In times of self-reflection in a flood of digital images, above all selfies, the portrait takes on a new importance. It remains a medium of re/presentation. However, often only
for the fleeting moment, it remains accessible to everyone in the cloud for years.

Using aesthetic means, my work has for years revolved around questions of our fleeting memory storage, of the thrown-in, scratched-in, of drawings as spontaneous creations that satisfy the moment but are actually intended for eternity. The artistic stance, a sketch by Leonardo da Vinci, for example, which refers to the author, confirming his identity, is a process that Occidental visual arts have known since the Renaissance at the latest.

What does it mean when this process is applied to school desks, to windows on public transport systems, to monuments and structures such as the Great Wall of China? Does it reflect an aestheticisation of everyday life or does it imply that everyone is an artist? Why does a material trace have to be accompanied by a selfie for the Internet? This phenomenon is not tied to social class or education.

The President of the Republic of Slovenia is just as happy when, on the occasion of the Biennial of Graphic Art in Ljubljana, he is allowed to scratch something into one of my glass guestbooks, as the museum director in Bremen or the homeless person who has travelled all the way to Kassel for the documenta. And what about the selfie for social media? We feel that it is in flux and feel no power over whether and how it is disappears into the ocean of bits and bytes.

In my EPOFAKT gameplay staging, some 300 small images are created within two to three hours: three survive in a fictitious museum.
In DeskXistance, a global study, the scratchings and scarification of over 300 school desk table tops, created over years by pupils during their lessons, are turned into prints.
In Existentmale, likewise a global study, the windows of underground trains scratched by youths are turned into prints.
And in Wandmale – Stigmata, attempts to create an individual existence through name carving at cultural-historical sites are recorded by means of frottage.

Protelics will provide a better alternative to what seems to me a desperate attempt to become visible in the crowd, be it through physical inscriptions or selfies posted on Facebook. One can create one’s portrait with one’s own skin or through one’s face, with its corporeal marks of life. The self is already there – it only has to be transferred to be immediately present in the image.
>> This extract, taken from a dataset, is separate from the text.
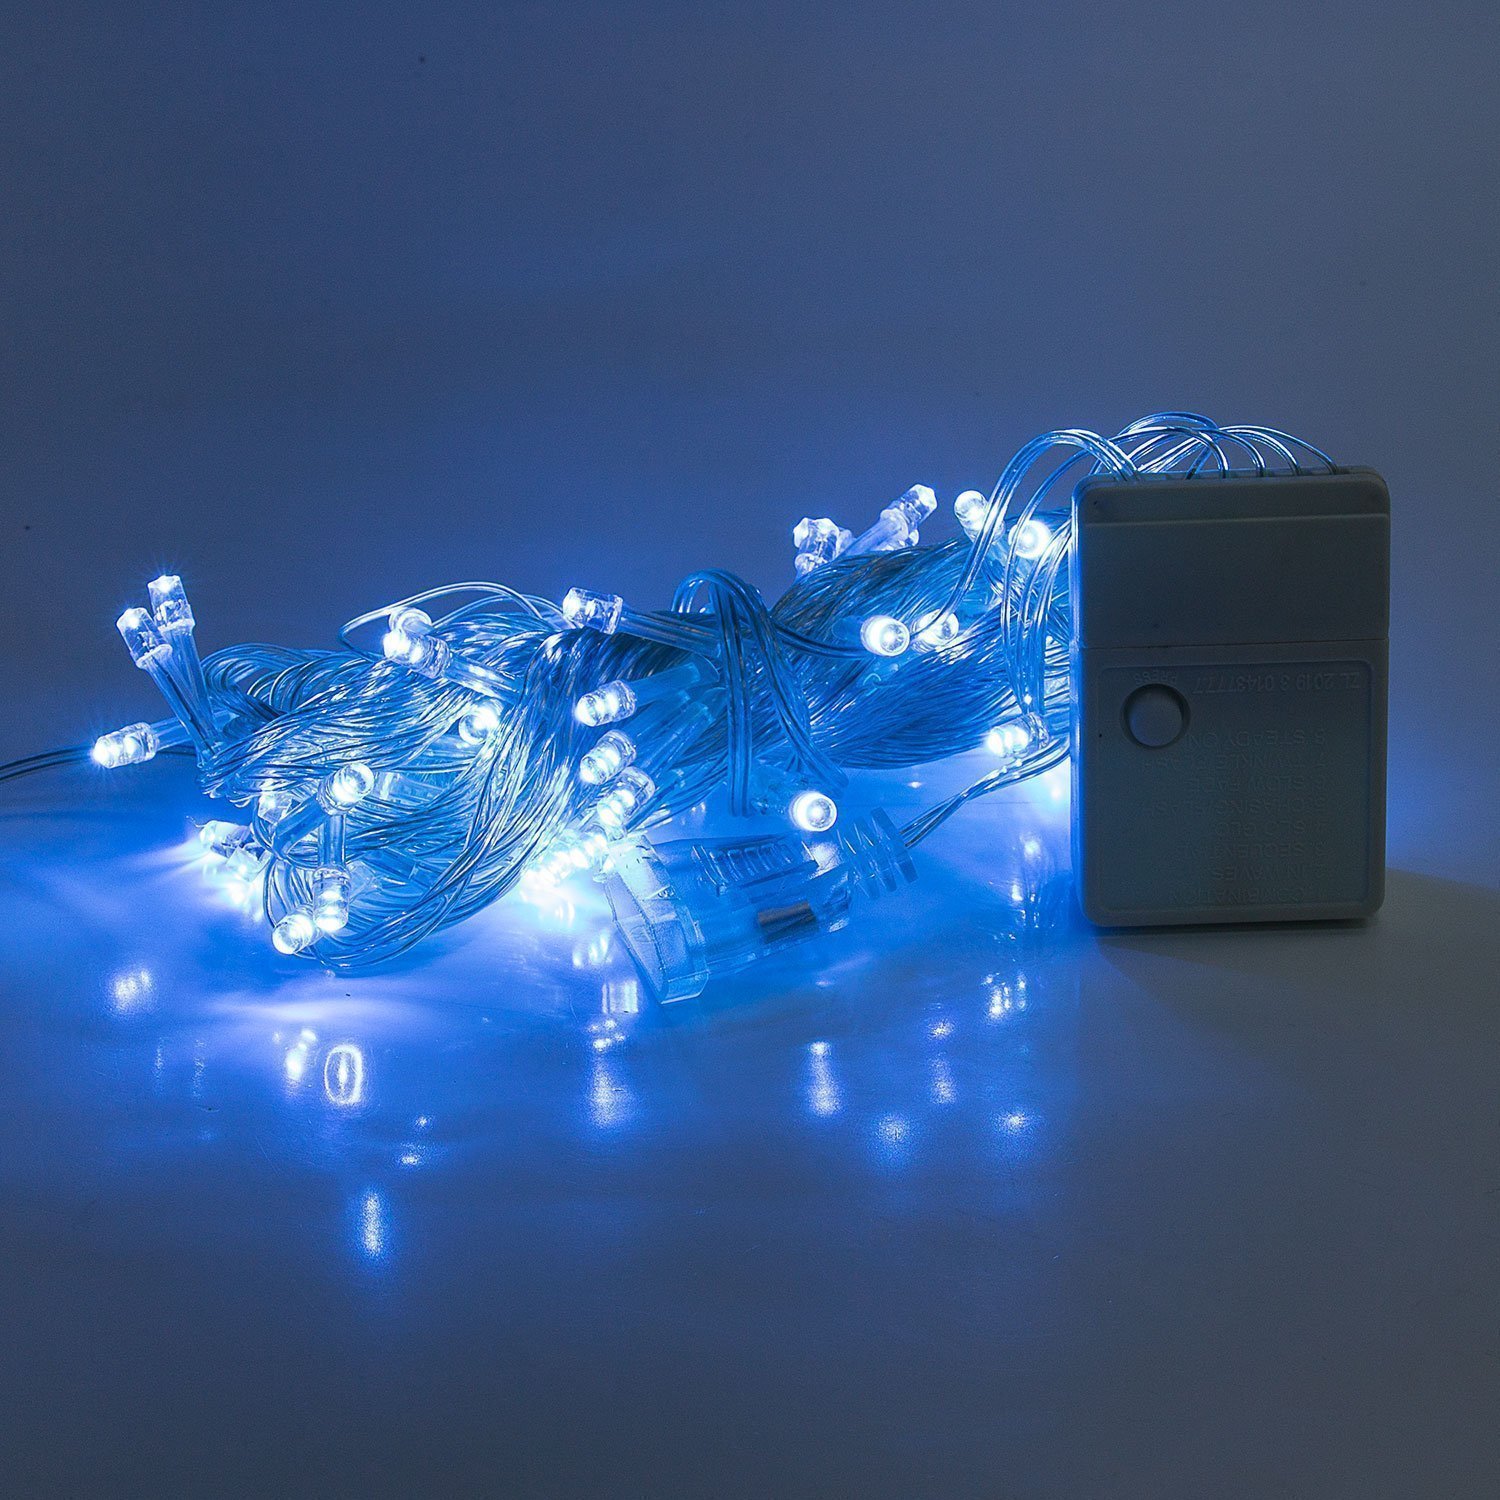 Гирлянда Kurato светодиодная нить, ламп: 60 шт., 6 м, режимов: 1, от сети, голубой (132721)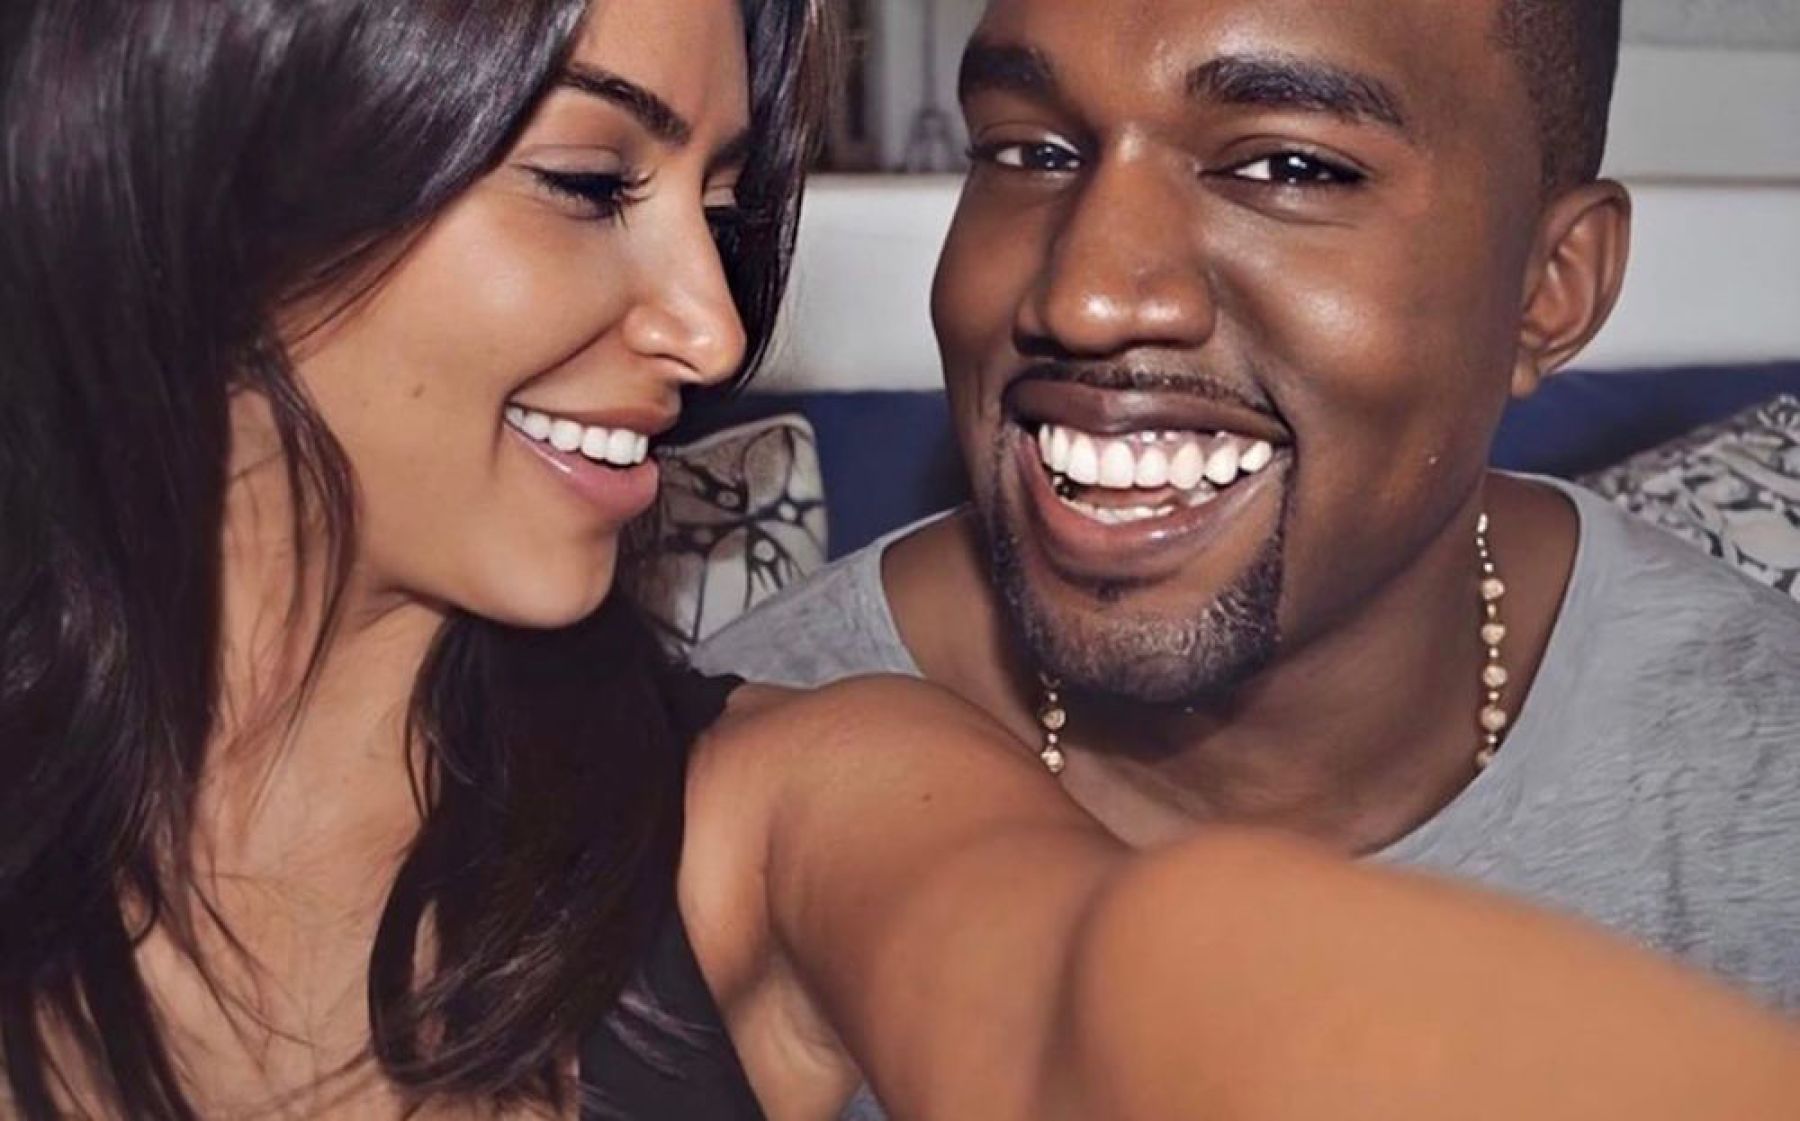 Kim cuidó a Kanye cuando se contagió de Covid-19

In this portrait, the protagonist is not interpreted by the “artist’s hand”: the experimental arrangement and the process of portraiture are the artefact. The sitter will simply be present through his or her own proteins. But not just any proteins. They don’t trace the physiognomy of the face. They are not mimetic, but were – before the filter paper was applied, the actual epidermis of the face, its protective skin.

Portrait painting and photography are two-dimensional. A human face is three-dimensional. A healthy skin is full of life: sweat, fats, proteins, and bacteria.

At the latest since the Renaissance, our visual habit of facial recognition is taken for granted and hardly raises the question as to what we are actually recognising. We can usually assign the face to a specific person. This process is confirmed and reinforced by digitised facial recognition and biometric data. Despite 3-D models, any representation on the screen remains two-dimensional.
Why should the distance between the eyes and the length of the nose be more important and more interesting to me as a counterpart than all the stories told by the skin?